Jon, a question on use of certain fonts on resumes and cover letters. Should you stick with Arial, Garamond, Times New Roman and fonts similar to that?


----------



## StrapAssassin2 (Aug 12, 2010)

Good question. Here's my theory.

Resumes should never be distracting. This isnt the time to get cute. The only people that need to be creative when it comes to fonts, pictures and wording are graphic/creative arts people like web designers or marketing people. In those lines of work, being creative is what gets you the job. Anyone else, keep it simple. You want the reader to able to move easily through the subjects, dates and info on your resume. Send me something in webdings (Im kidding - no one can read that mess) and I would reject the resume and move on to the next guy who was happy to send me their stuff in Times New Roman!


----------



## 5shifter (Feb 2, 2011)

I just wanted to drop in here and tell you thanks Jon for looking at my resume. I will be sure to make the corrections you have suggested, they were great. It's nice to get an outsider's opinion and be able to give input on what works on a resume and what doesn't. Thank you again. Now the job market better watch out!


----------



## MidMoJeff (Jul 24, 2009)

Email sent...thanks for your time!


----------



## StrapAssassin2 (Aug 12, 2010)

It has been a great weekend. I've done half a dozen resumes and I got a text picture yesterday from my hunting club. One of the guys wife found a nice shed with 4 good looking points on the 1 side. Good to know he's out there and I'll have something to look forward to for 7 more months!


----------



## customarrows (Mar 25, 2008)

Email sent with Reusme Help in the subject line. Thanks for your help!


----------



## Chocha (Aug 2, 2006)

Wow.. Awesome thread here!!! I was out of work for 14 months from Jan. 2009 until April 2010 so I know what many people here are feeling. I finally broke down and paid a resume service around $175 to polish my resume since the market was so tough. That seems like a pretty penny but my resume was top notch and in the end worth every penny as I landed a very specifc job that I was hunting down with a specific company.. 

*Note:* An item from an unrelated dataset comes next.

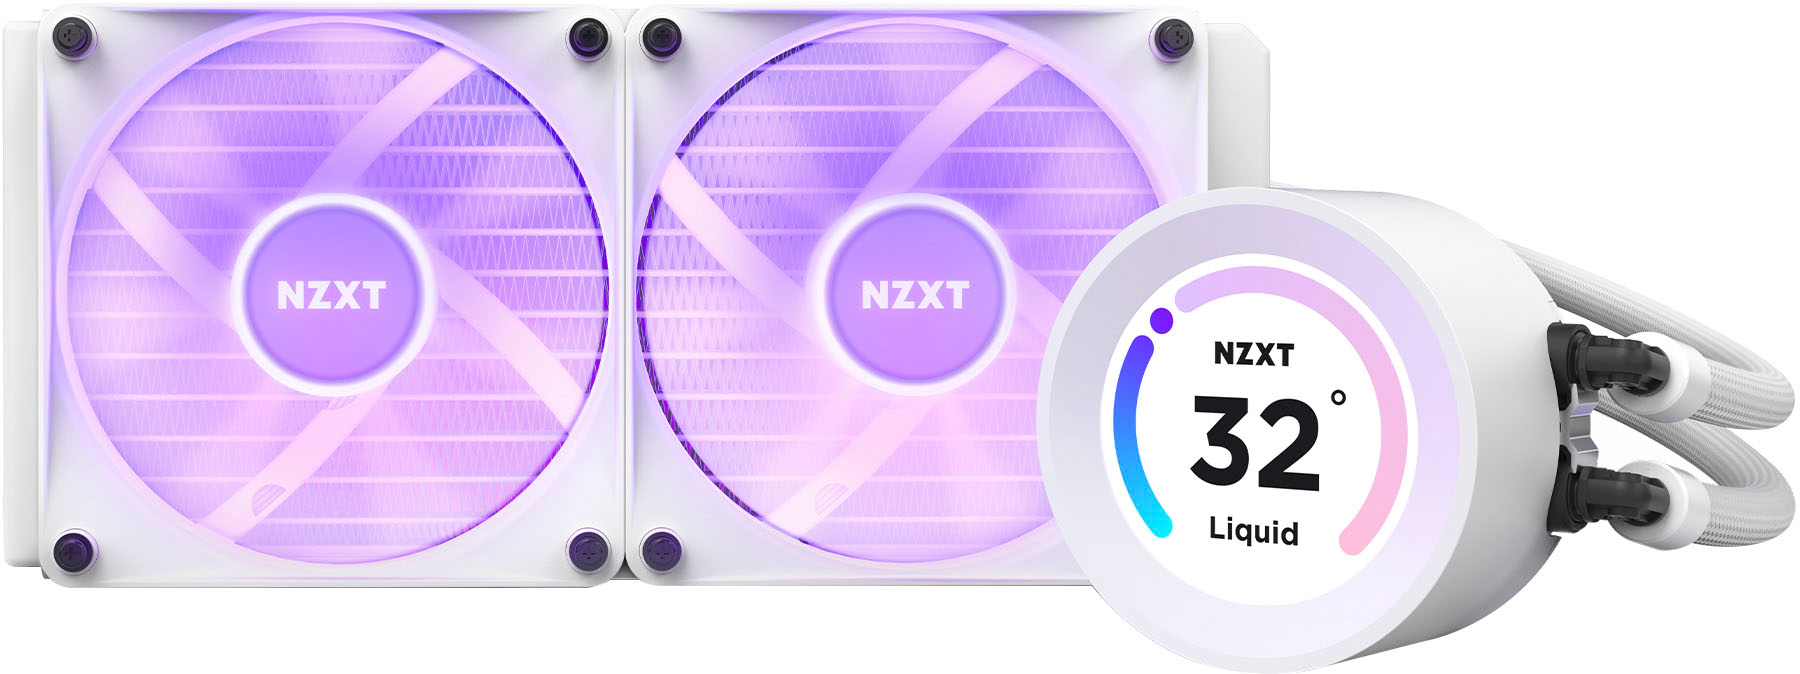 NZXT RL-KR24E-W1 Kraken Elite RGB 240 White AIO Liquid CPU Cooler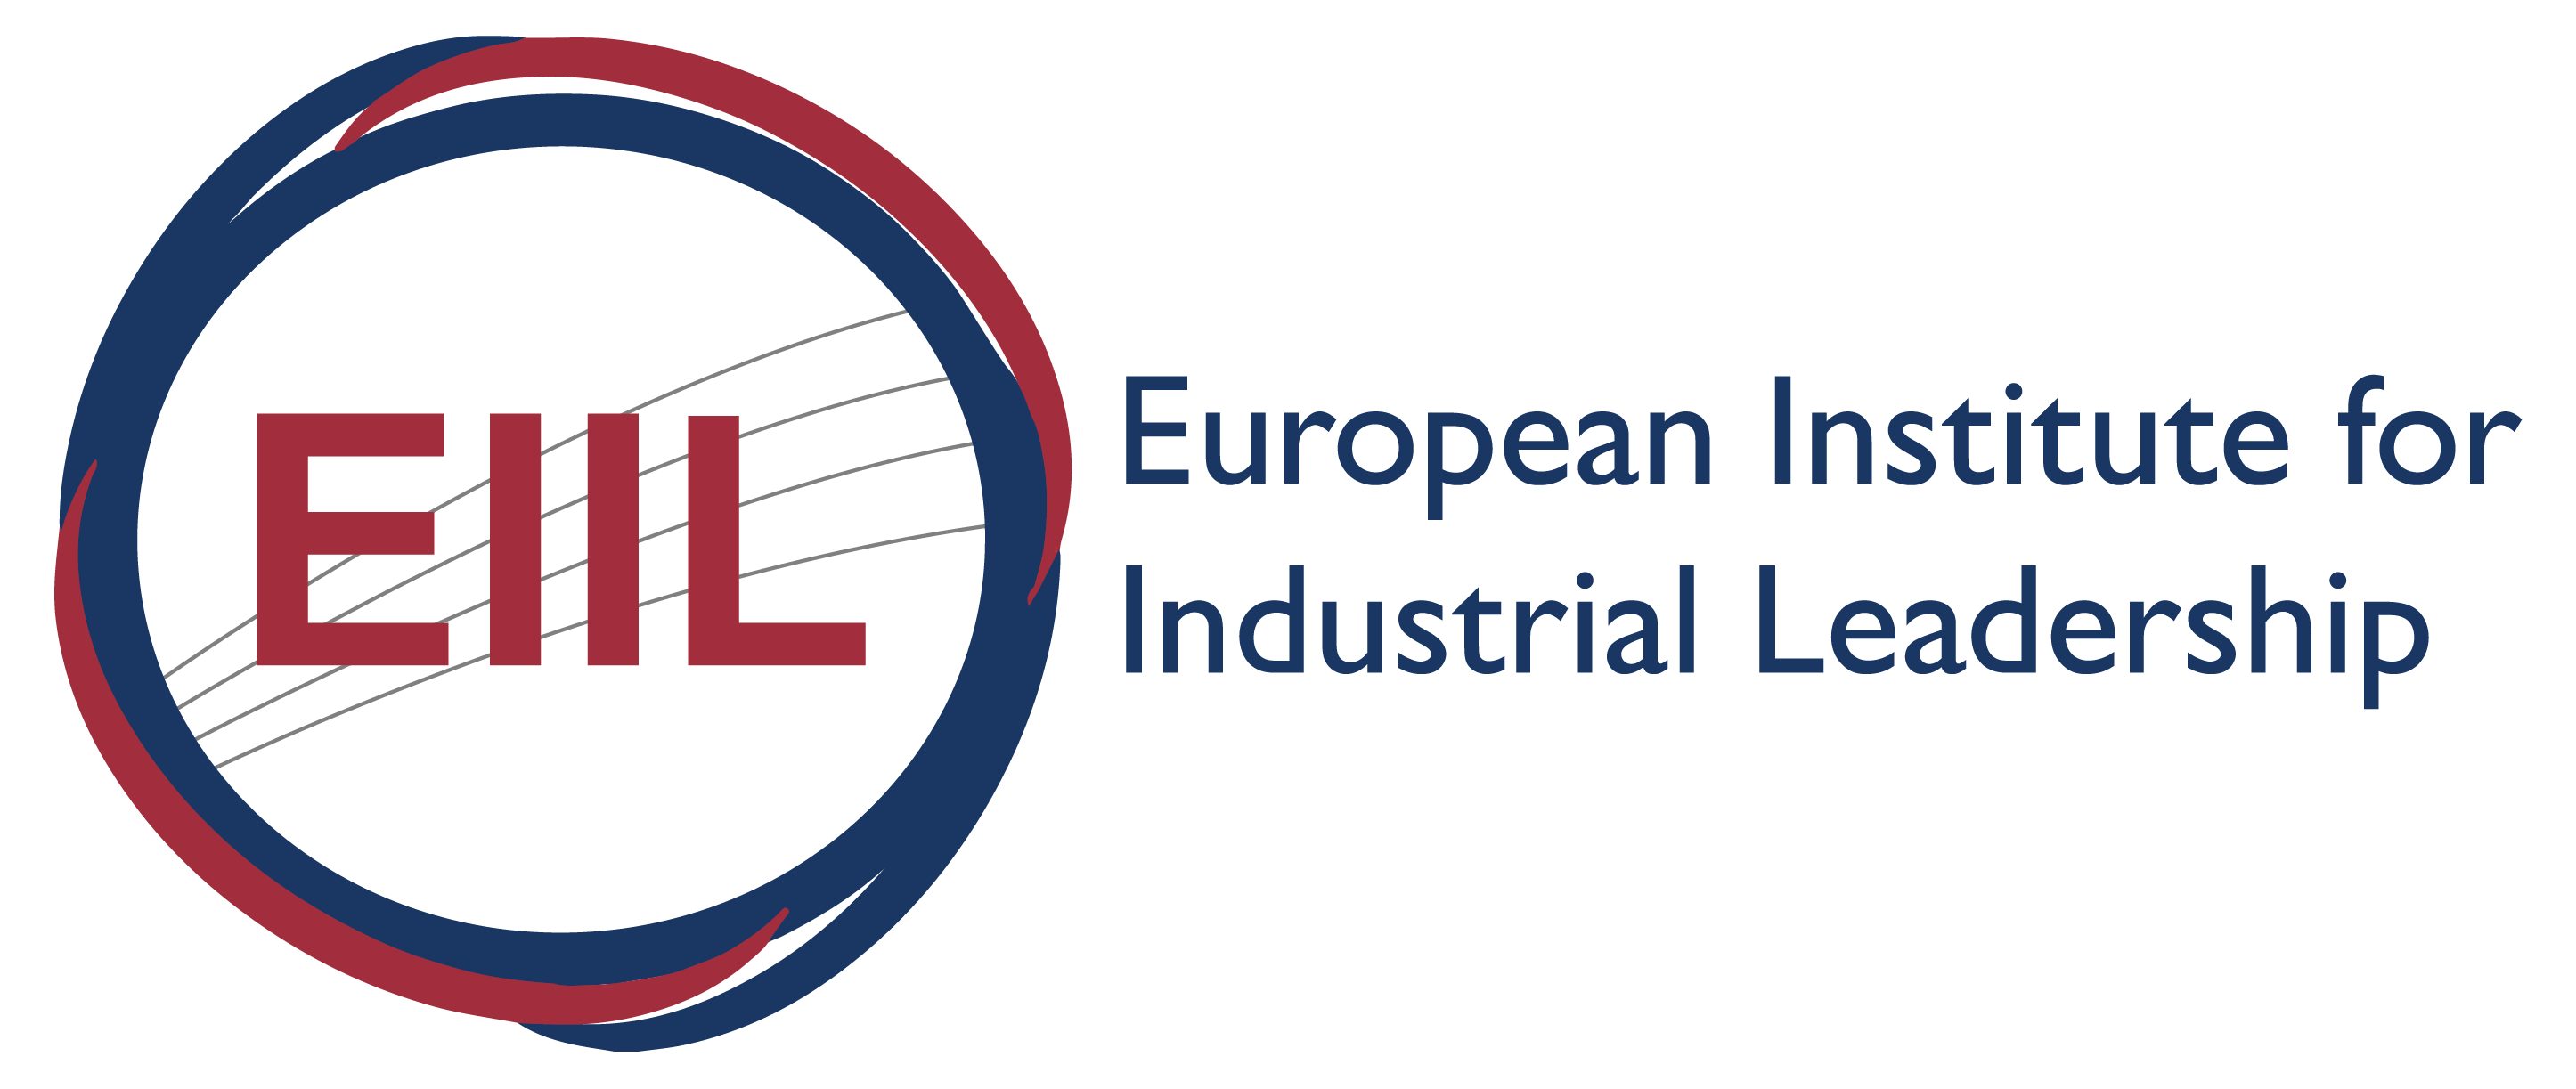 European Institute for Industrial Leadership

Resumes are very intimidating and any professional help such as whats being offered here can you help you more than could imagine ....Ive been helping my girlfriend with hers now that she has some AutoCAD under her belt and ready to find something in the field. She was lost until I sat down with her. One of the hardest things to do is summarize your career and skills in a few brief paragraphs!!!

Awesome gesture StrapAssassin!! :beer:


----------



## TwoFeet (Sep 12, 2007)

Great job Jon. Jon is offering some fantastic assistance and great advice. My 11 years of IT recruiting/placement experience has taught me one main thing...your resume...that piece or pieces of paper, is the thing that will either get you attention or get you passed over. Never assume the manager or HR reading it will know what you mean or that they should assume you have a certain experience...make sure the resume says it. When speaking to IT folks, I often encourage them to right their resume as if their teenage children will be reading it and trying to decipher what they do. My favorite response to someone asking how much info to list is....detail and description...give me all you have.

Keep in mind that a polished resume in order to schedule an interview is the first step. Preparation for interviews is extremely important. I believe the last info I read indicated that if you are preparing for an important 1 hour meeting (typically the length of an interview) you should spend 10 hrs in preparation for that meeting. That includes researching the company, position, company website and your resume...most people overlook this step...you should know the info on your resume like the back of your hand.

Good luck to anyone looking for new employement.

Jon, hope this info did not take away from your efforts. Please let me know if I can be of any assistance to you.

TwoFeet


----------



## StrapAssassin2 (Aug 12, 2010)

TwoFeet you nailed it. I didnt want to start another thread called interviewing 101 because this one keeps me busy at it is!!!!

The worst interview that I can have is one where I start the conversation by asking- "tell me what you know about us" and the person doesnt have a clue. Or worse yet, I ask "what kind of questions do you have for me?" and the person says "I dont have any". Wow. You blew it. Badly. If you are too lazy to google the company and do some homework, you dont deserve to beat out someone that has gone to the trouble of learning about our company. 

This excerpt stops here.